> Dataset section
▼

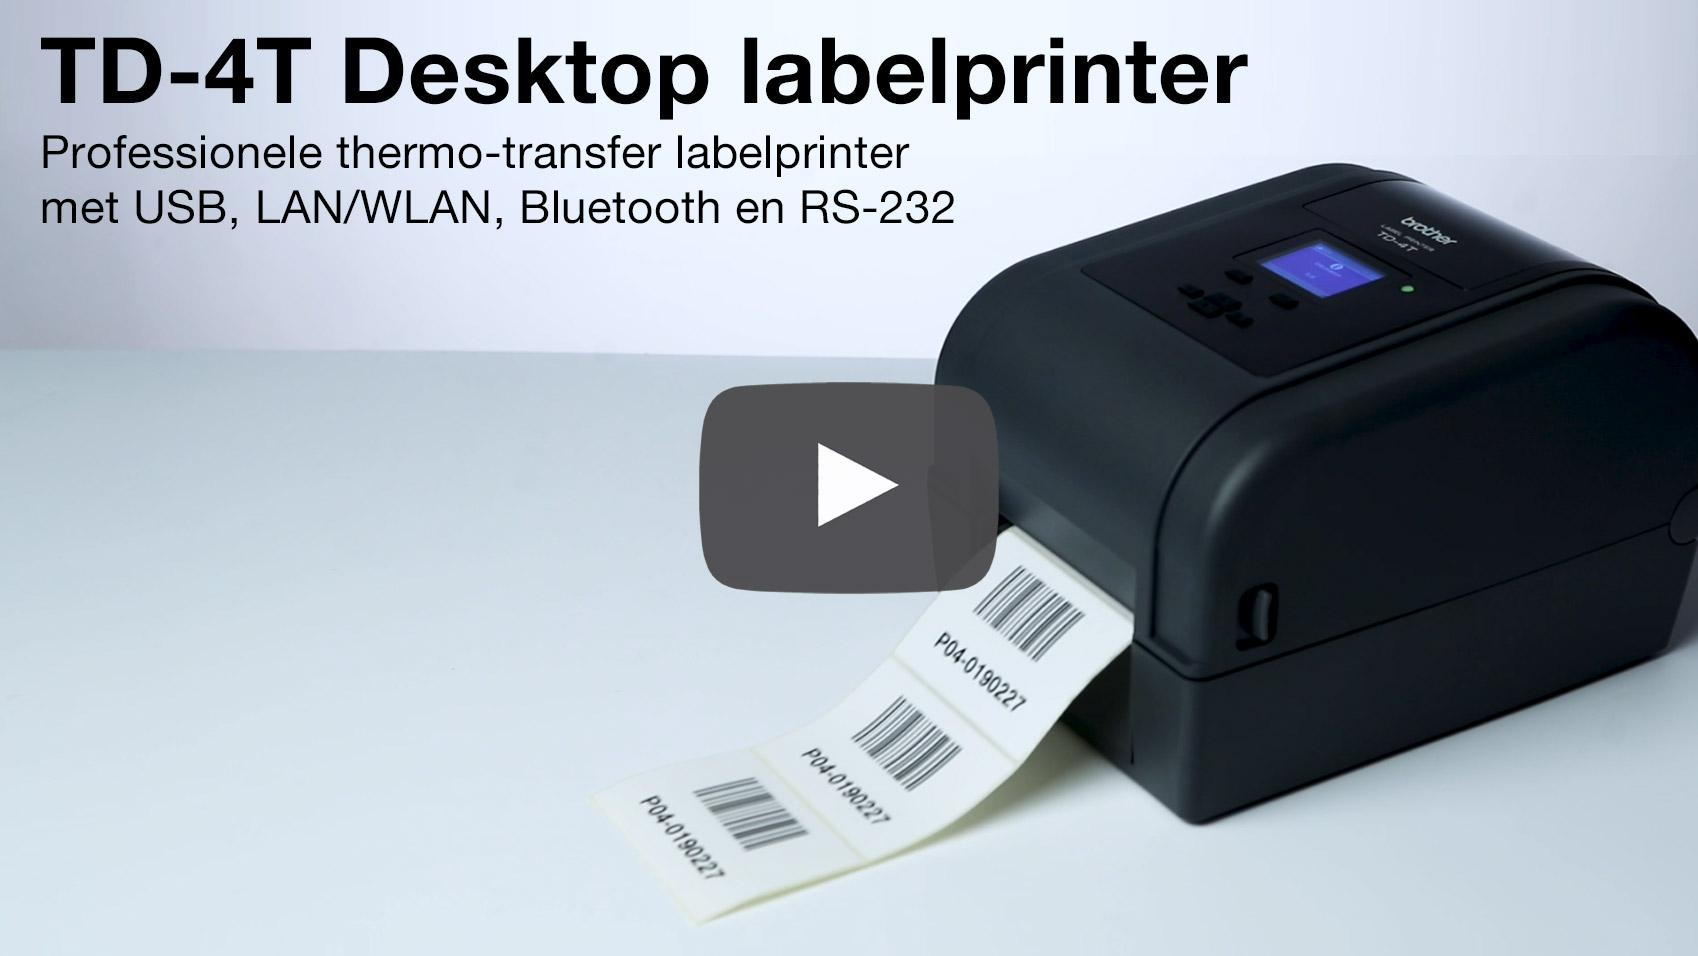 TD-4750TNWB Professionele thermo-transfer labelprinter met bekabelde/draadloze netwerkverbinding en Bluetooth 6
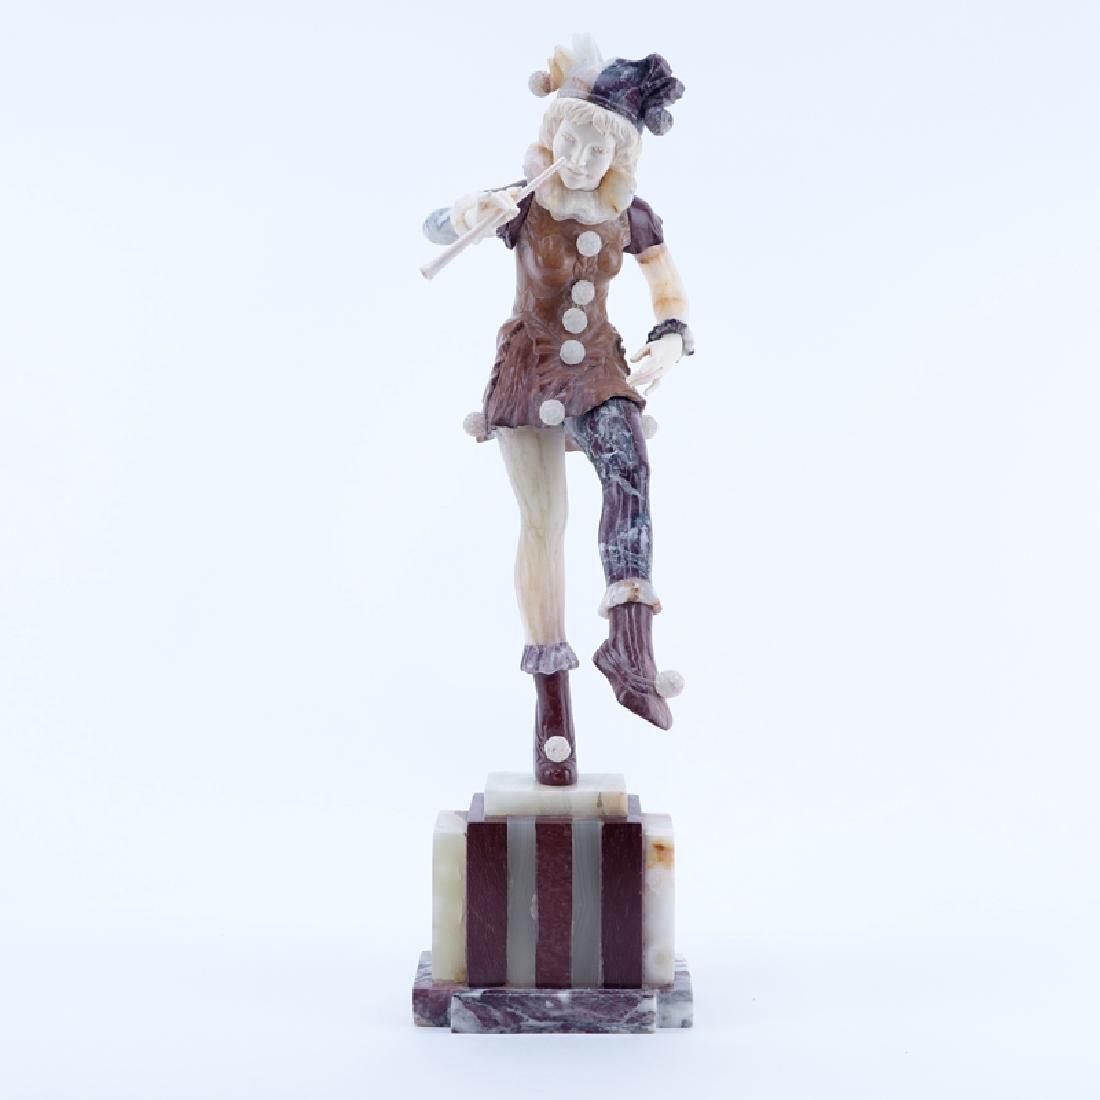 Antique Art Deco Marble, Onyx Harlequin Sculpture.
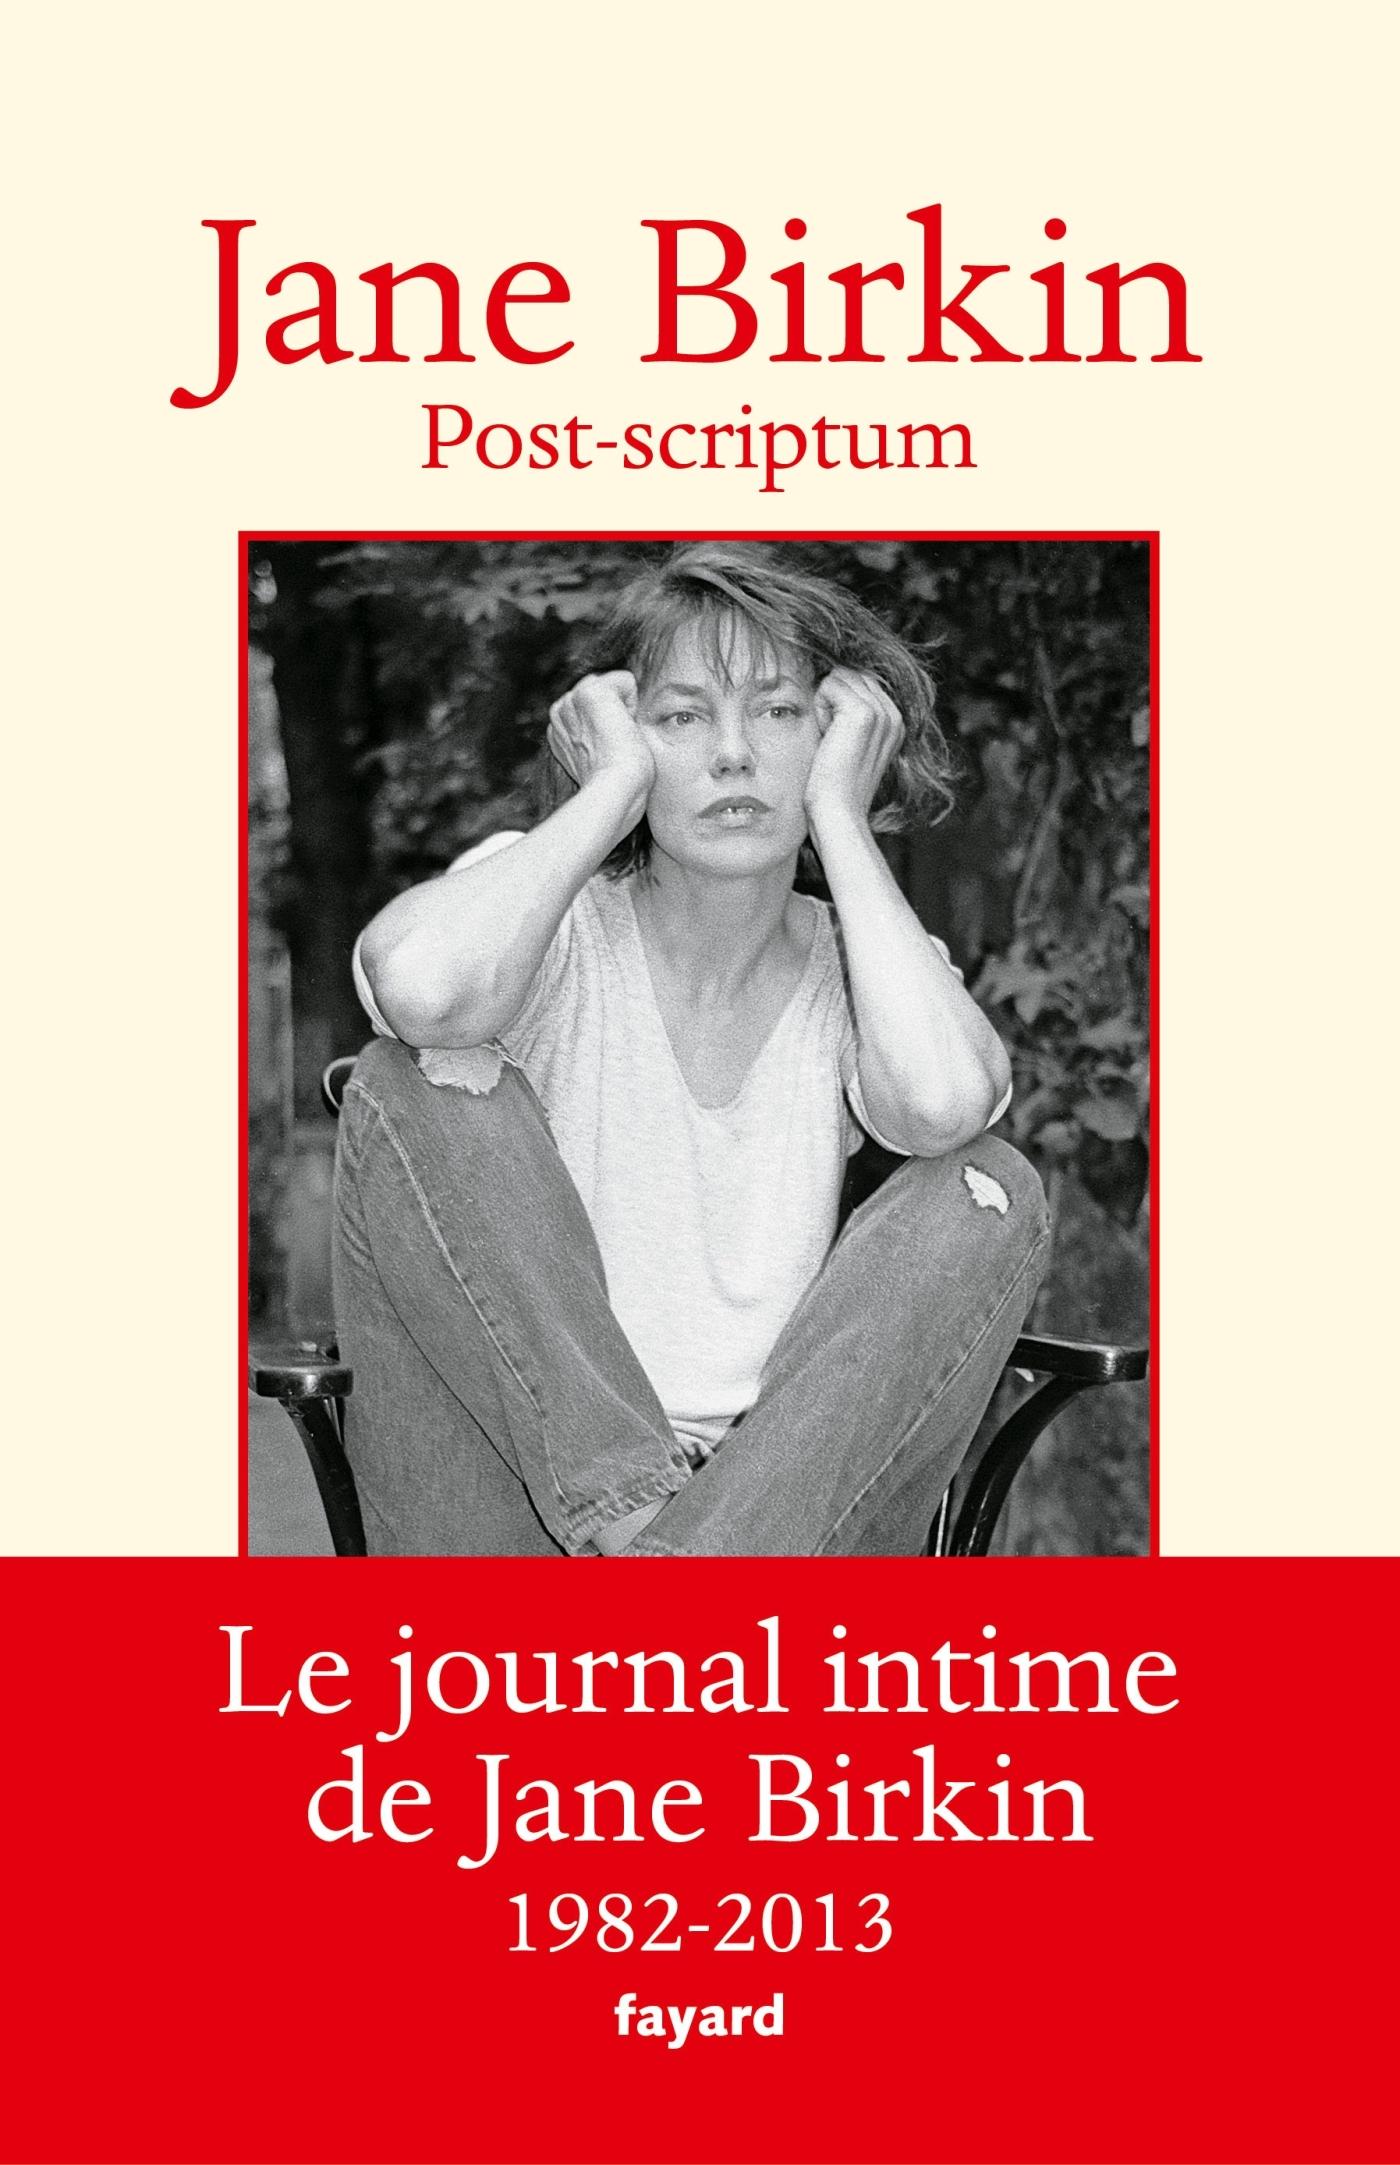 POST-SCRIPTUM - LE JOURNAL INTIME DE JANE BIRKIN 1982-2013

▲

> The problem
From start to finish, output the listing exactly, but omit its pictures.

> Task output
 TD-4750TNWB Professionele thermo-transfer labelprinter met bekabelde/draadloze netwerkverbinding en Bluetooth 6
 Antique Art Deco Marble, Onyx Harlequin Sculpture.
 POST-SCRIPTUM - LE JOURNAL INTIME DE JANE BIRKIN 1982-2013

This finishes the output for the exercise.